DATA Start Marker

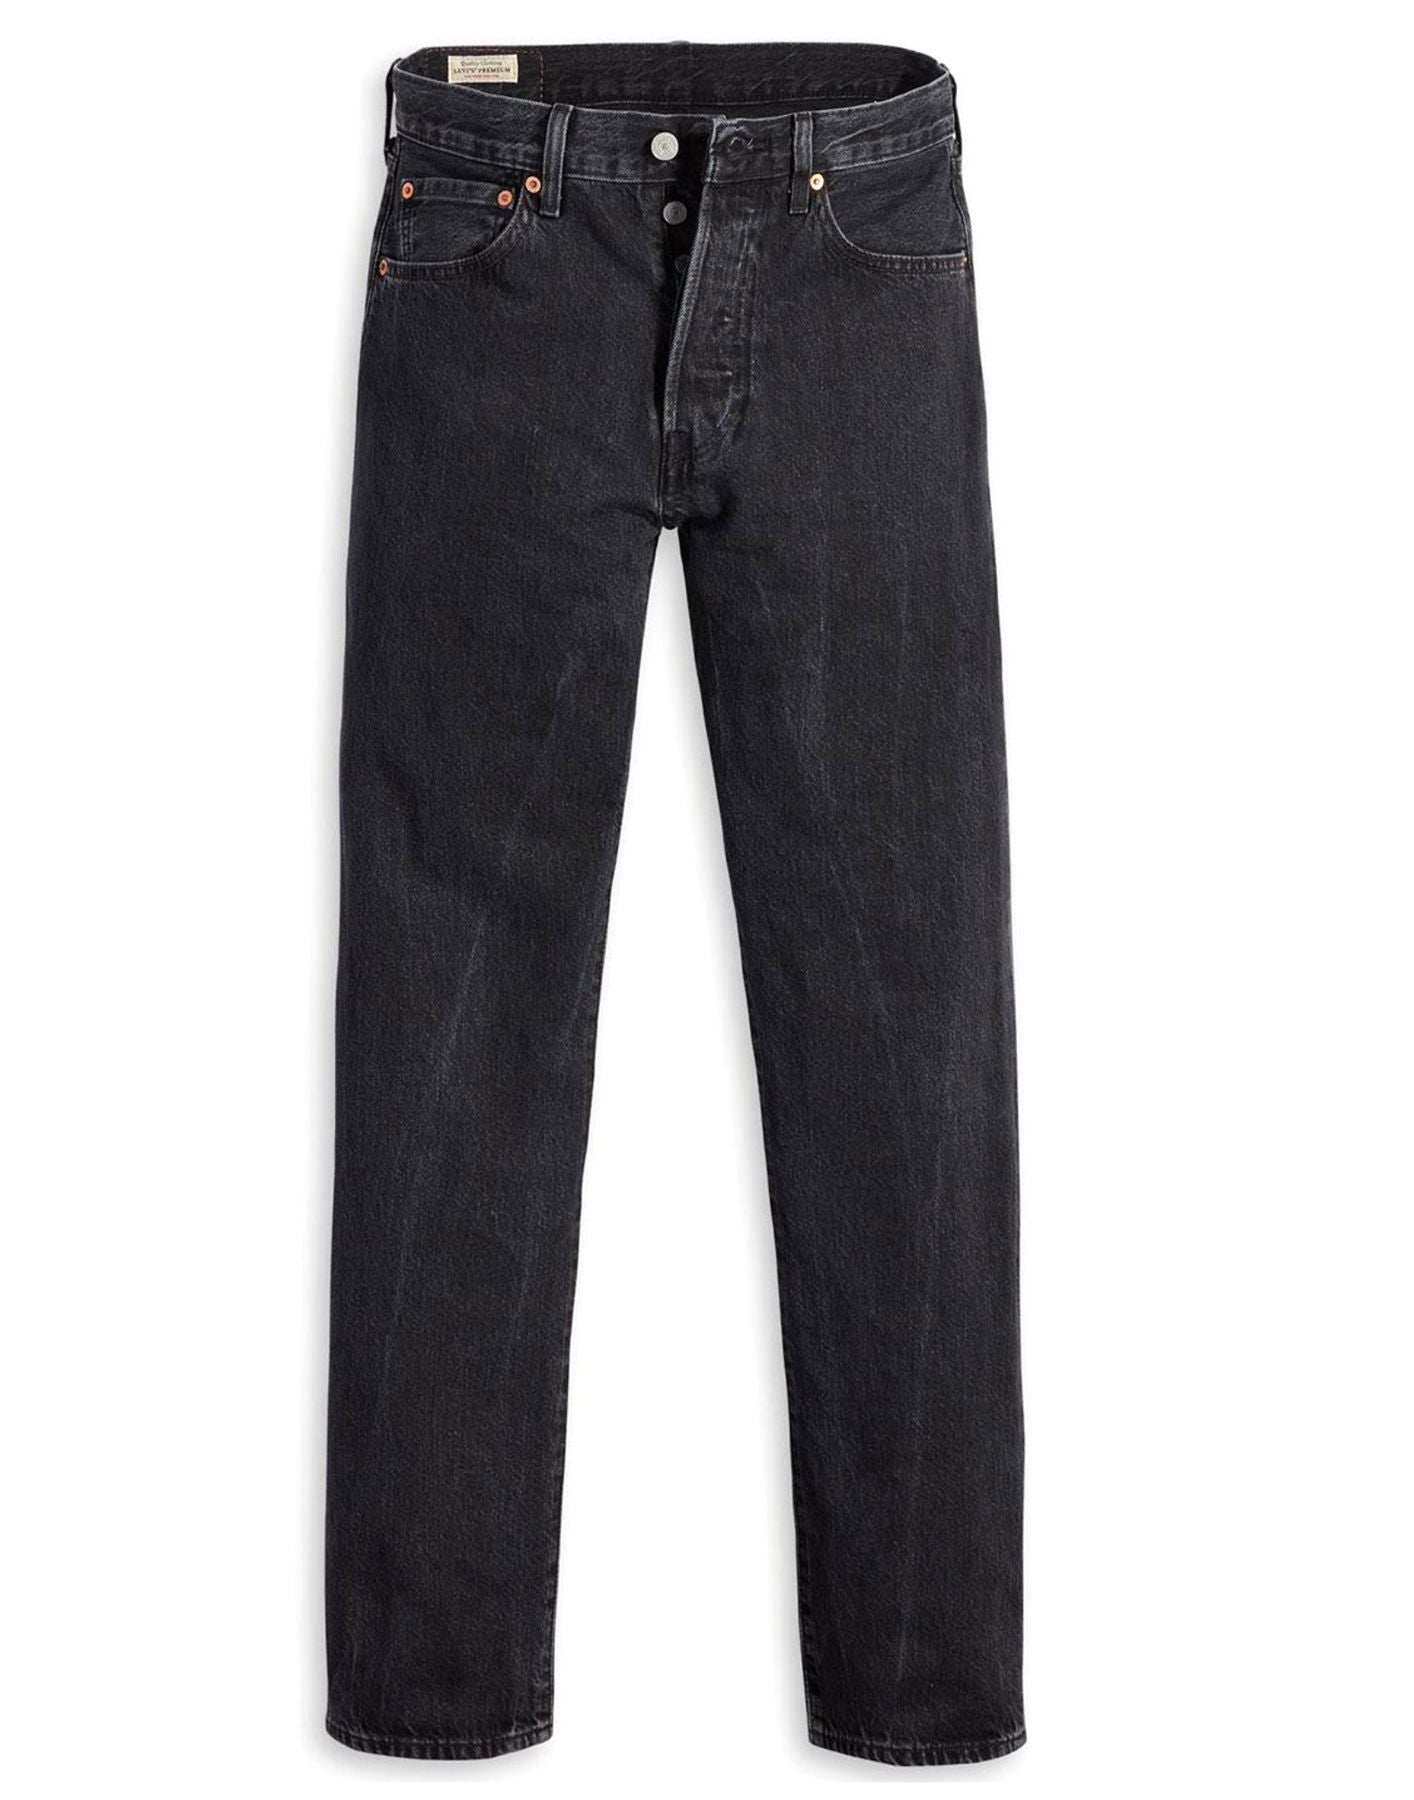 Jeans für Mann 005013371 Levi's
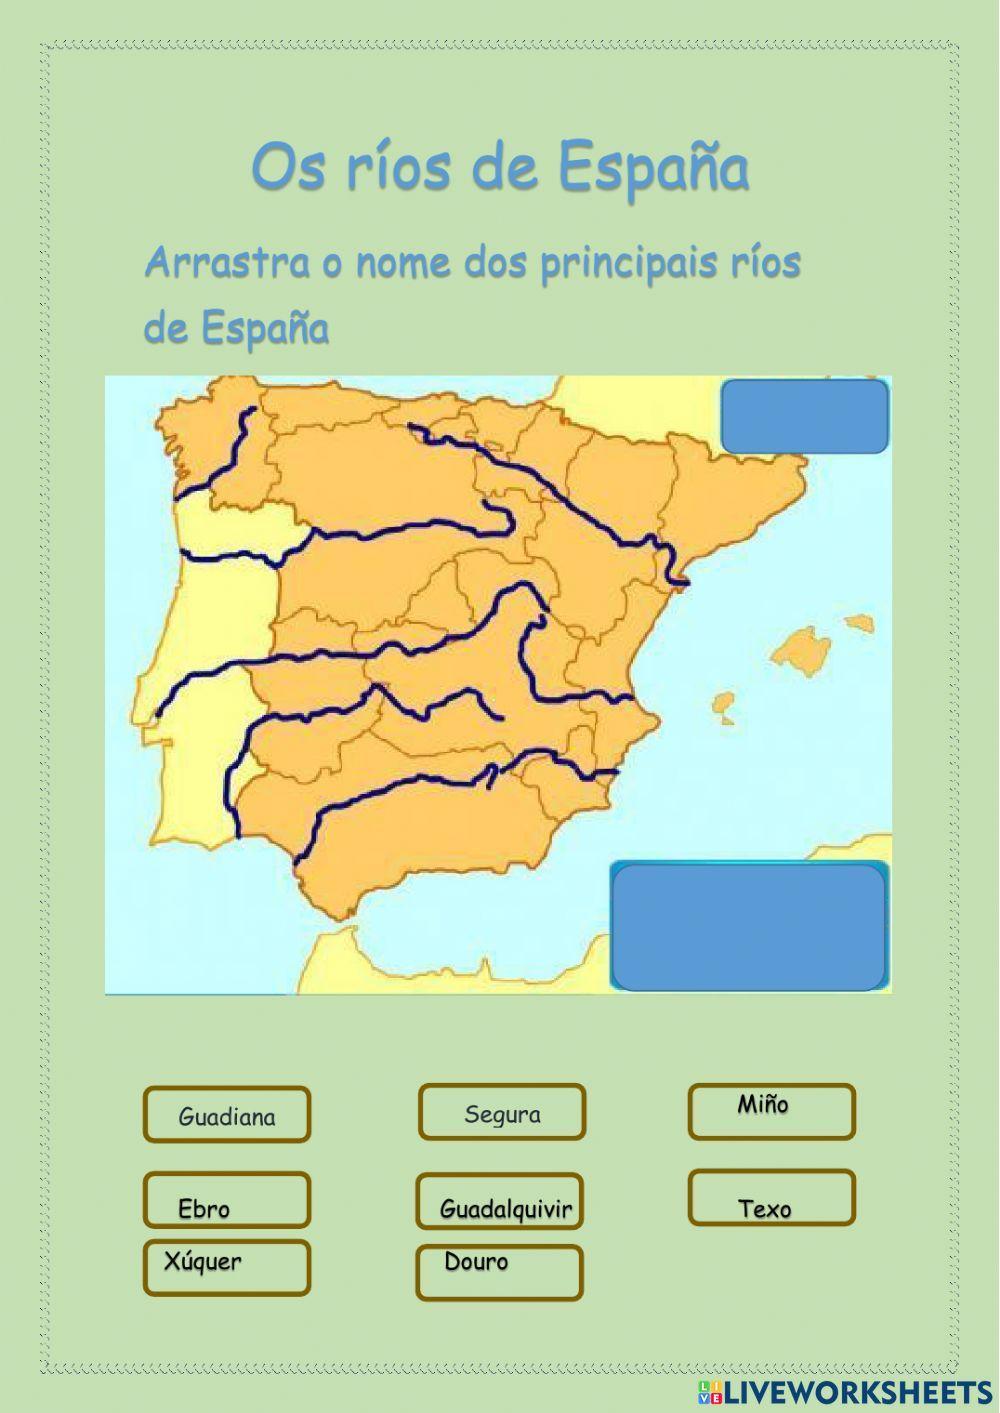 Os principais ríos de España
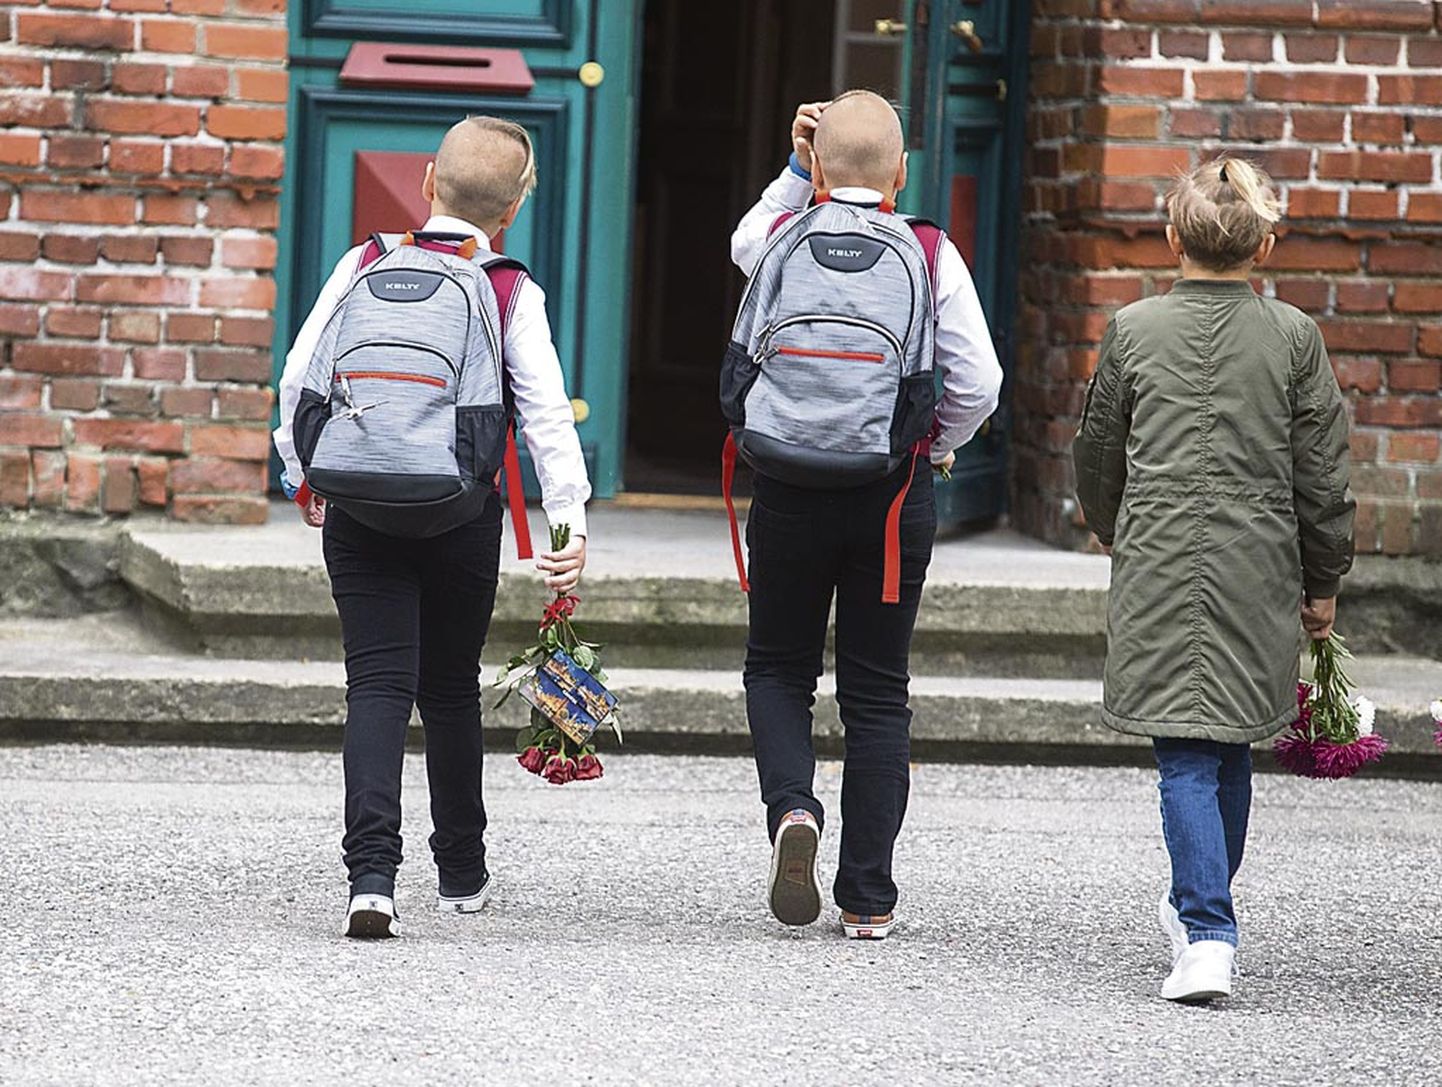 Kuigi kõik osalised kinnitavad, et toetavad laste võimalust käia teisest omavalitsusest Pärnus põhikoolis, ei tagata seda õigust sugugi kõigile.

DATA End Marker

# WHAT TO PRODUCE:
Transcribe the material as is, with images omitted.

# SOLVED EXERCISE:
 Jeans für Mann 005013371 Levi's
 Os principais ríos de España
 Kuigi kõik osalised kinnitavad, et toetavad laste võimalust käia teisest omavalitsusest Pärnus põhikoolis, ei tagata seda õigust sugugi kõigile.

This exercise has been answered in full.